Tax year’s IHT intake totals £4.6bn up to December

Inheritance Tax (IHT) receipts for the period between April and December 2021 totalled £4.6bn, new HMRC figures have revealed.

This figure was £0.6bn higher compared to the same period in 2020.

According to HMRC’s figures, receipts from April stood at £3.6bn up to October, meaning a further £1bn was received in the final two months of 2021.

Before this period, the higher receipts that HMRC received in October and November 2020, and from March to August 2021, are expected to be due to higher volumes of wealth transfers that took place during the pandemic. However, HMRC said it cannot verify this until full administrative data becomes available.

Commenting on the latest data, Canada Life technical director, Andrew Tully, said: “IHT receipts for December 2021 were £474m down slightly from £500m the previous month.

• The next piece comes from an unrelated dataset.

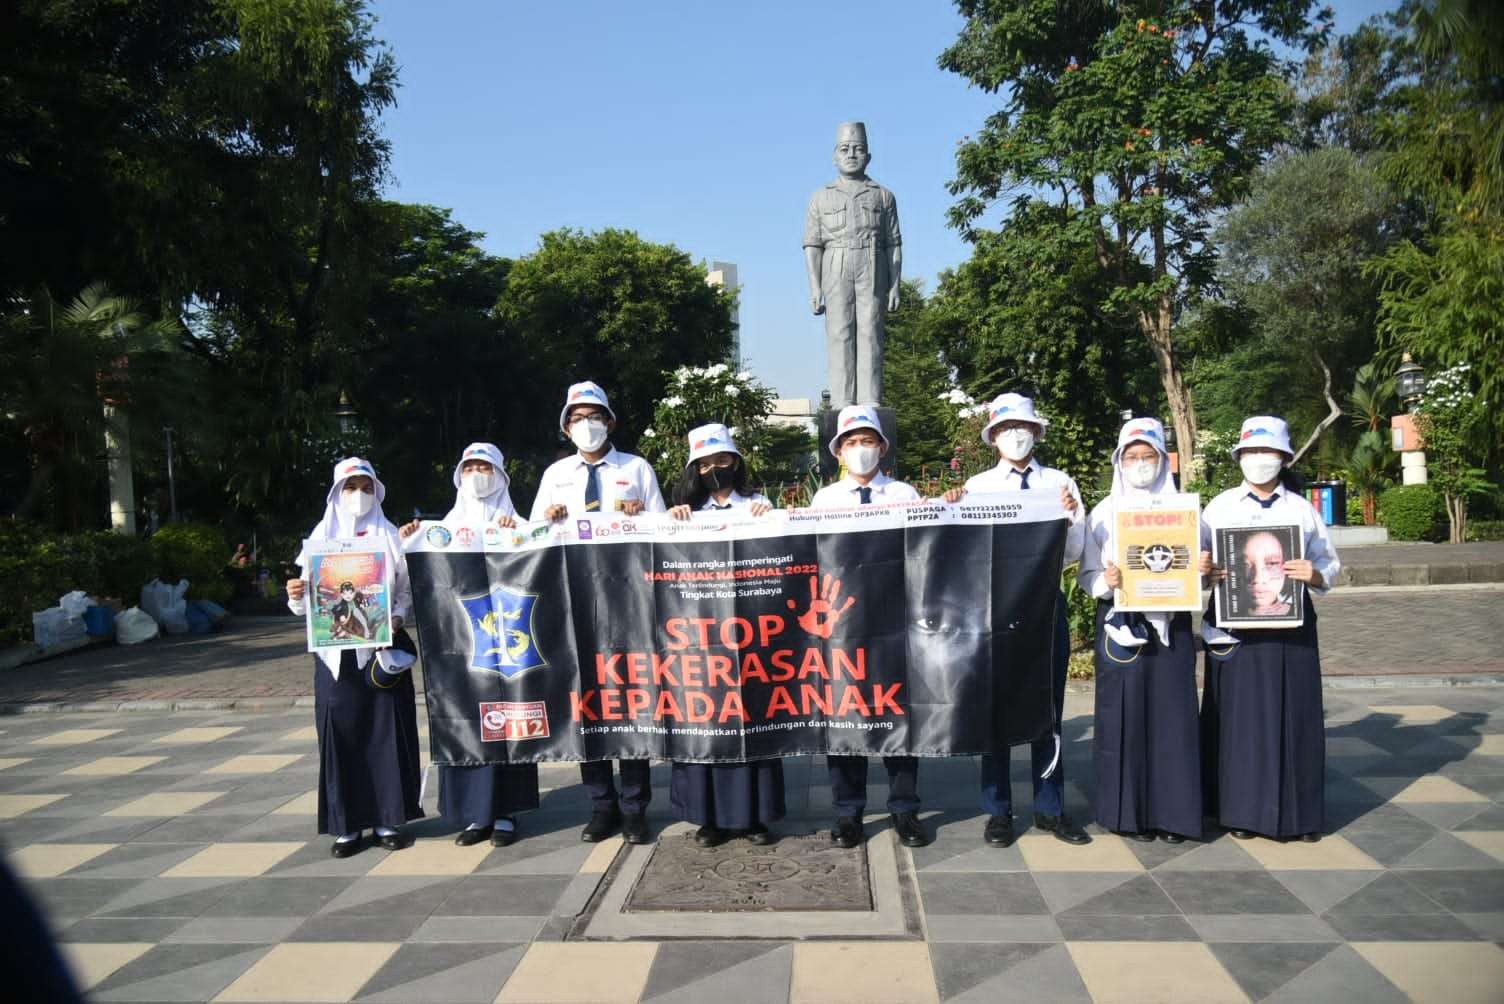 Kampanye stop kekerasan kepada anak yang dilakukan pelajar di Surabaya, Rabu, 27 Juli 2022. (Foto: Istimewa)
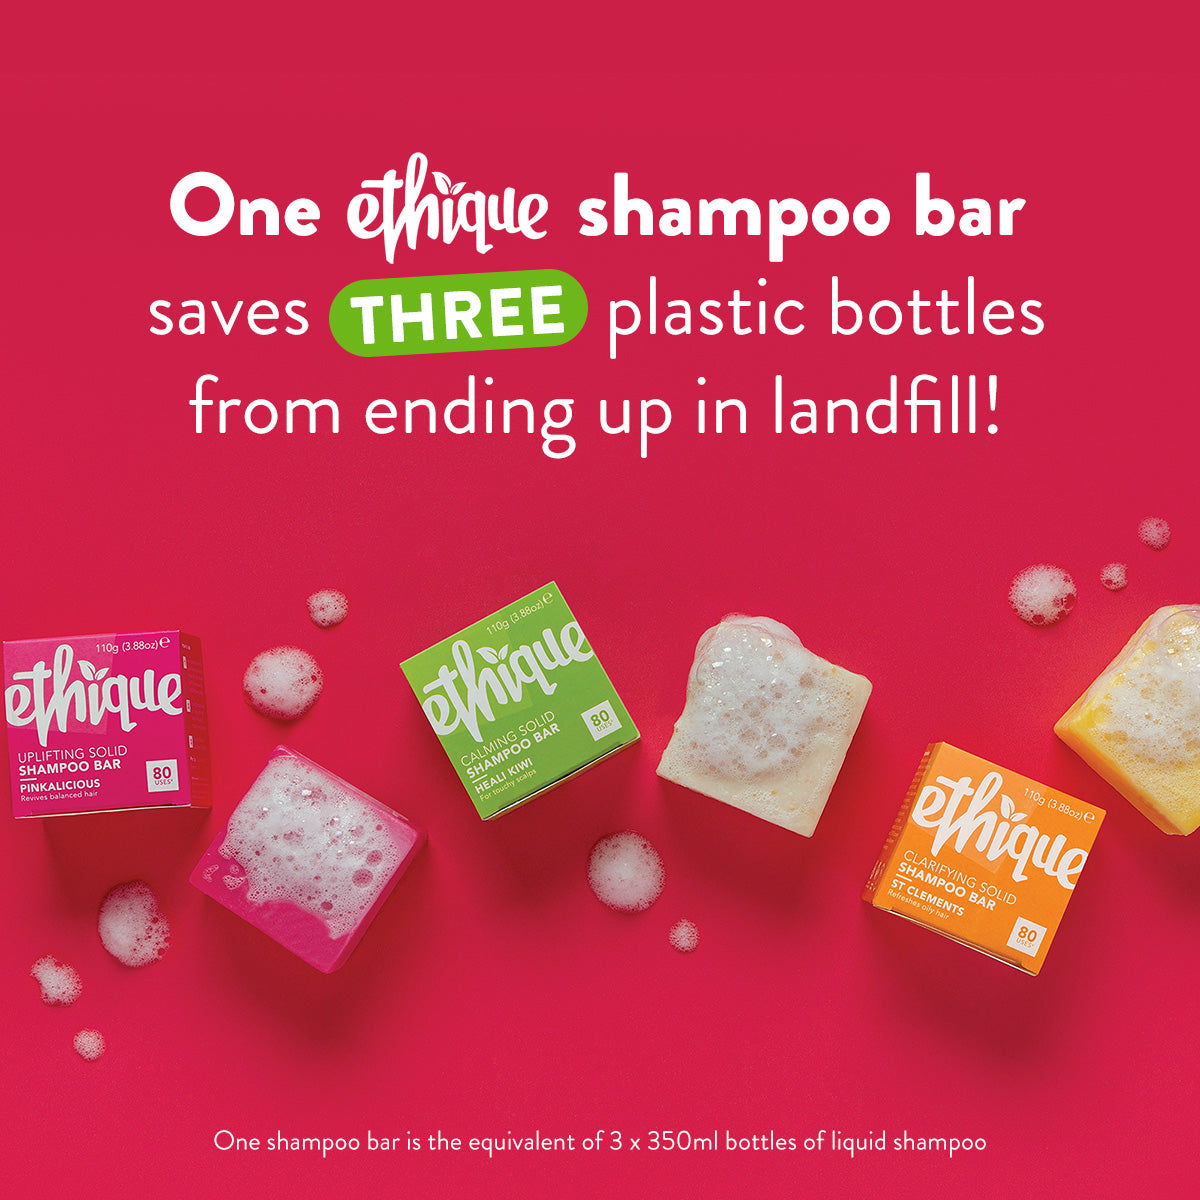 Restoring Shampoo Bar for Dry, Damaged Hair: Sorbet™

“This slight decline could signal a slowdown in activity after the high volumes of wealth transfer seen during the height of the COVID-19 pandemic – receipts for April to December 2021 were 13% higher than April to December 2020.

“However, with the IHT bands frozen, and house prices continuing to increase, starting effective estate planning early is crucial to minimise any IHT due and make sure wealth is passed on to the people you want to receive it.”

Quilter tax and financial planning expert, Shaun Moore, added that with property prices continuing to rise, IHT payer’s bills will also keep rising in future amid the ongoing house price inflation.

However, he also warned: “There’s more bad news to come for families dealing with the death of a loved one, as probate fees are set to increase from tomorrow. It seems you can’t escape soaring prices, even in death, with fees going up by 27% for personal applications and 76% for those made through a professional. The rate is therefore equalised at £273 for both personal and professional applications.

“While a positive for the government that the fee now actually aligns to the cost of providing the service, the timing of the increase is very poor with inflation on the rise and the cost-of-living crisis threatening a financial nightmare for many over the winter.

“The only consolation is that previous proposals would have seen the fees increase by even more and would have been based around a banded structure. Not only would this have increased the cost for large estates, it would have introduced unnecessary complexity into the system.”